Special issue: Paleoclimate data synthesis and analysis of associated uncertainty...

Clim. Past, 14, 1345-1360, 2018
https://doi.org/10.5194/cp-14-1345-2018
© Author(s) 2018. This work is distributed under
the Creative Commons Attribution 4.0 License.

Research article 24 Sep 2018

Research article | 24 Sep 2018

Towards high-resolution climate reconstruction using an off-line data assimilation and COSMO-CLM 5.00 model

Bijan Fallah1, Emmanuele Russo1, Walter Acevedo2, Achille Mauri3, Nico Becker1, and Ulrich Cubasch1 Bijan Fallah et al.
  • 1Institute of Meteorology, Freie Universität Berlin, Carl-Heinrich-Becker Weg 6–10, 12165 Berlin, Germany
  • 2Deutscher Wetterdienst, Offenbach, Frankfurt am Main, Germany
  • 3European Commission, Joint Research Centre, Directorate D – Sustainable Resources – Bio-Economy Unit, 21027 Ispra, VA, Italy

Abstract. Data assimilation (DA) methods have been used recently to constrain the climate model forecasts by paleo-proxy records. Both DA and climate models are computationally very expensive. Moreover, in paleo-DA, the time step of consequence for observations is usually too long for a dynamical model to follow the previous analysis state and the chaotic behavior of the model becomes dominant.
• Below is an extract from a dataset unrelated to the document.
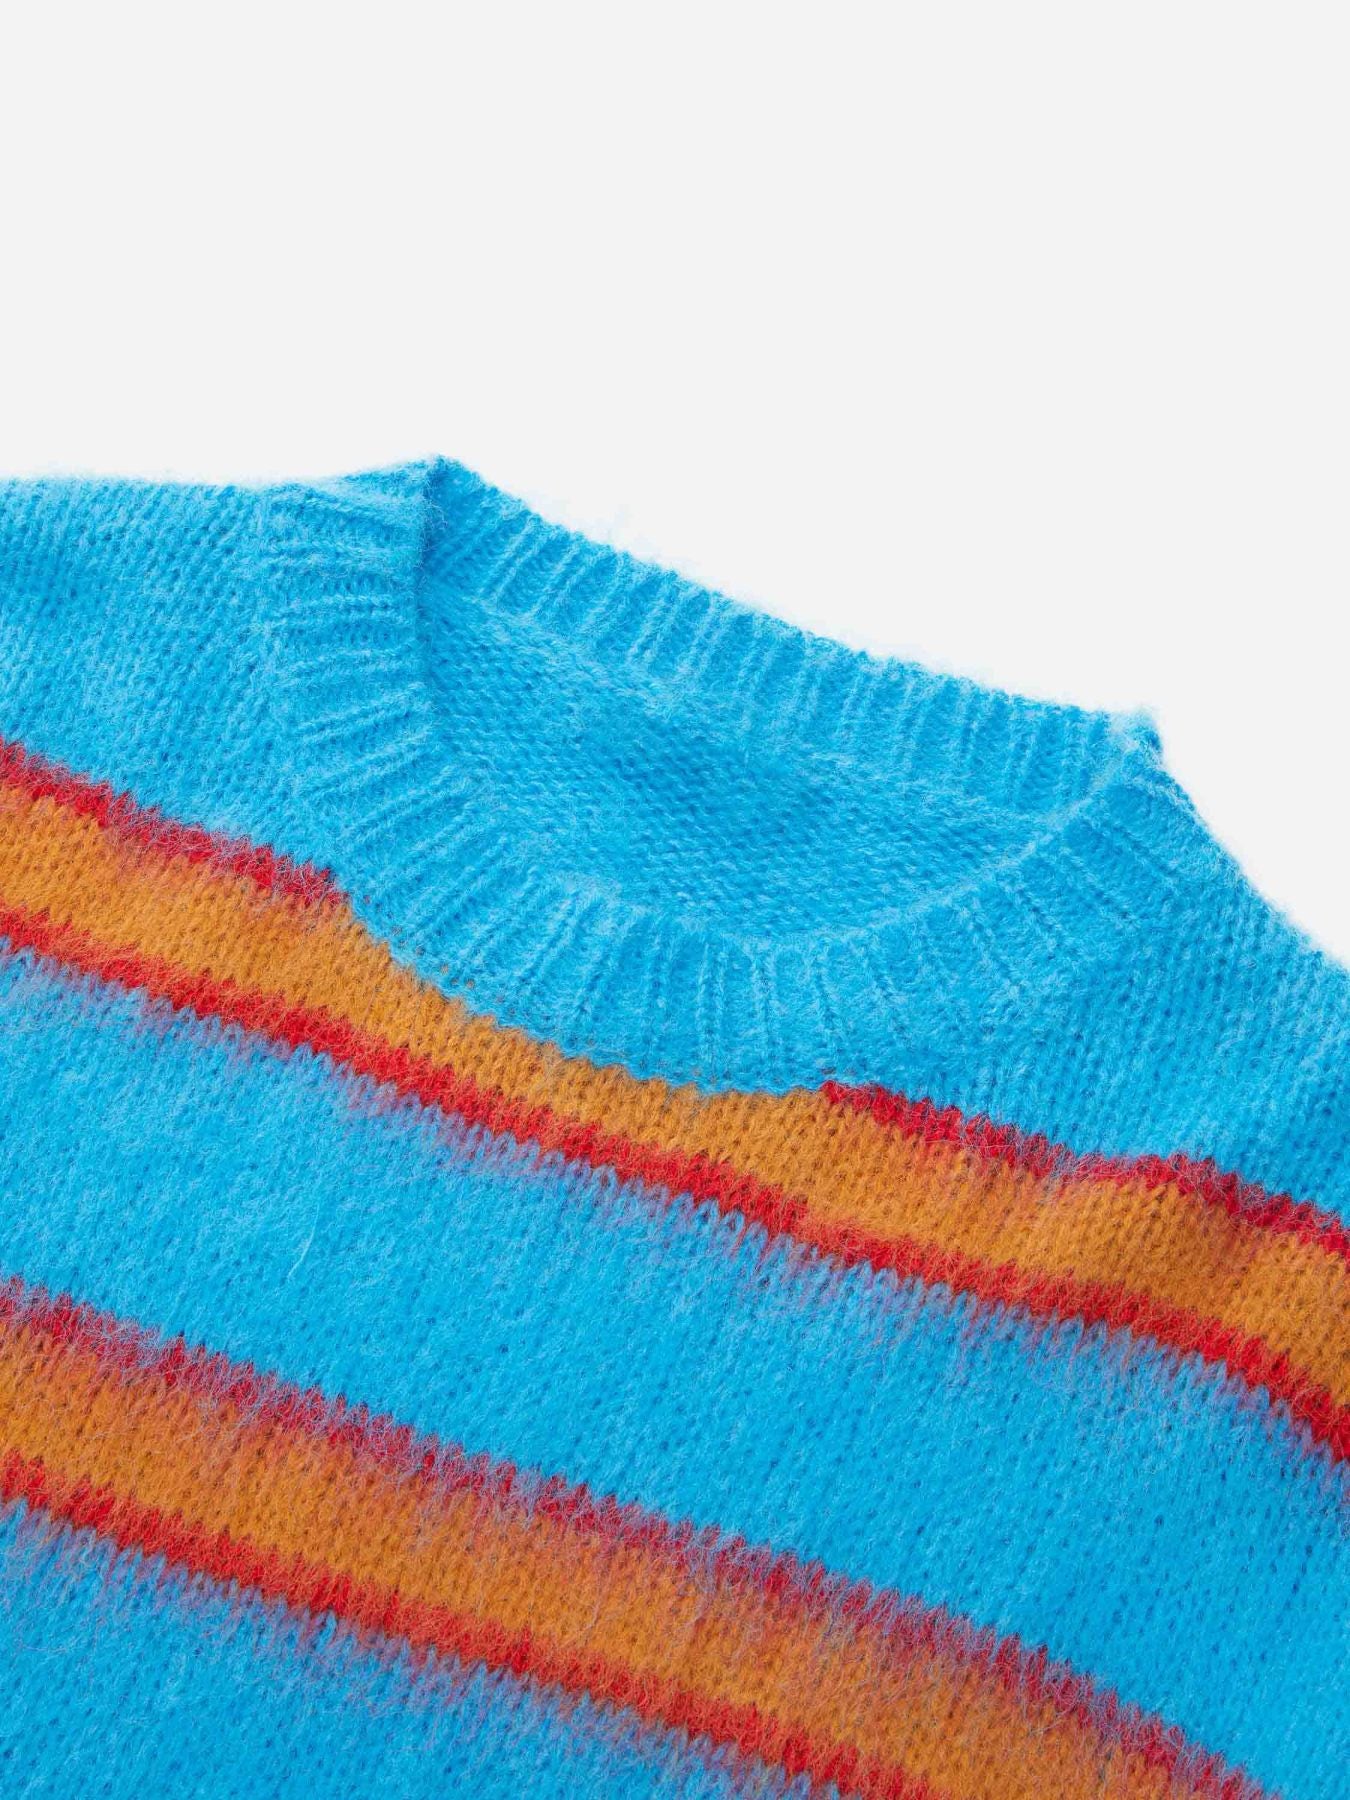 Thesupermade Color Contrast Striped Sweater
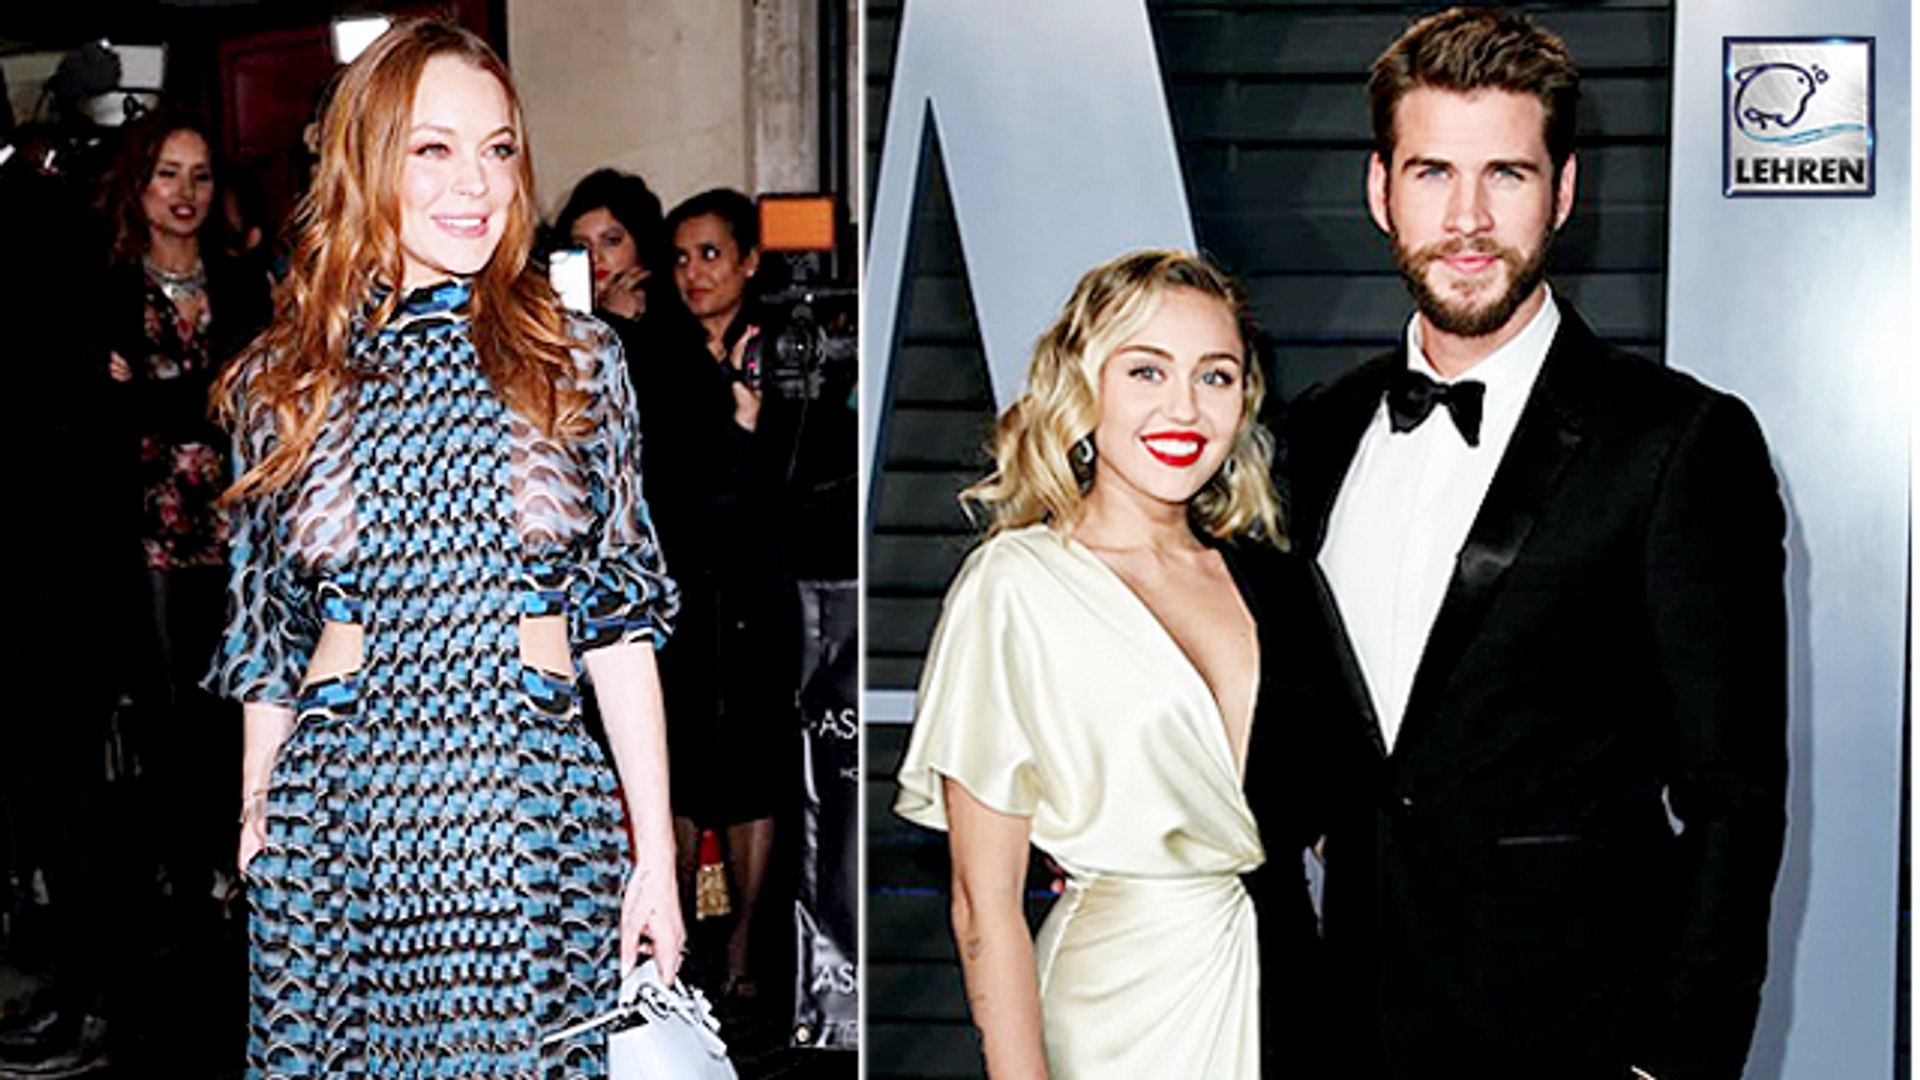 Lindsay Lohan Flirts With Liam Hemsworth But What Does Miley Think?

The majority of recent paleoclimate studies using DA have performed low- or intermediate-resolution global simulations along with an off-line DA approach. In an off-line DA, the re-initialization cycle is completely removed after the assimilation step. In this paper, we design a computationally affordable DA to assimilate yearly pseudo-observations and real observations into an ensemble of COSMO-CLM high-resolution regional climate model (RCM) simulations over Europe, for which the ensemble members slightly differ in boundary and initial conditions. Within a perfect model experiment, the performance of the applied DA scheme is evaluated with respect to its sensitivity to the noise levels of pseudo-observations. It was observed that the injected bias in the pseudo-observations linearly impacts the DA skill. Such experiments can serve as a tool for the selection of proxy records, which can potentially reduce the state estimation error when they are assimilated. Additionally, the sensitivity of COSMO-CLM to the boundary conditions is addressed. The geographical regions where the model exhibits high internal variability are identified. Two sets of experiments are conducted by averaging the observations over summer and winter. Furthermore, the effect of the spurious correlations within the observation space is studied and a optimal correlation radius, within which the observations are assumed to be correlated, is detected. Finally, the pollen-based reconstructed quantities at the mid-Holocene are assimilated into the RCM and the performance is evaluated against a test dataset. We conclude that the DA approach is a promising tool for creating high-resolution yearly analysis quantities. The affordable DA method can be applied to efficiently improve climate field reconstruction efforts by combining high-resolution paleoclimate simulations and the available proxy records.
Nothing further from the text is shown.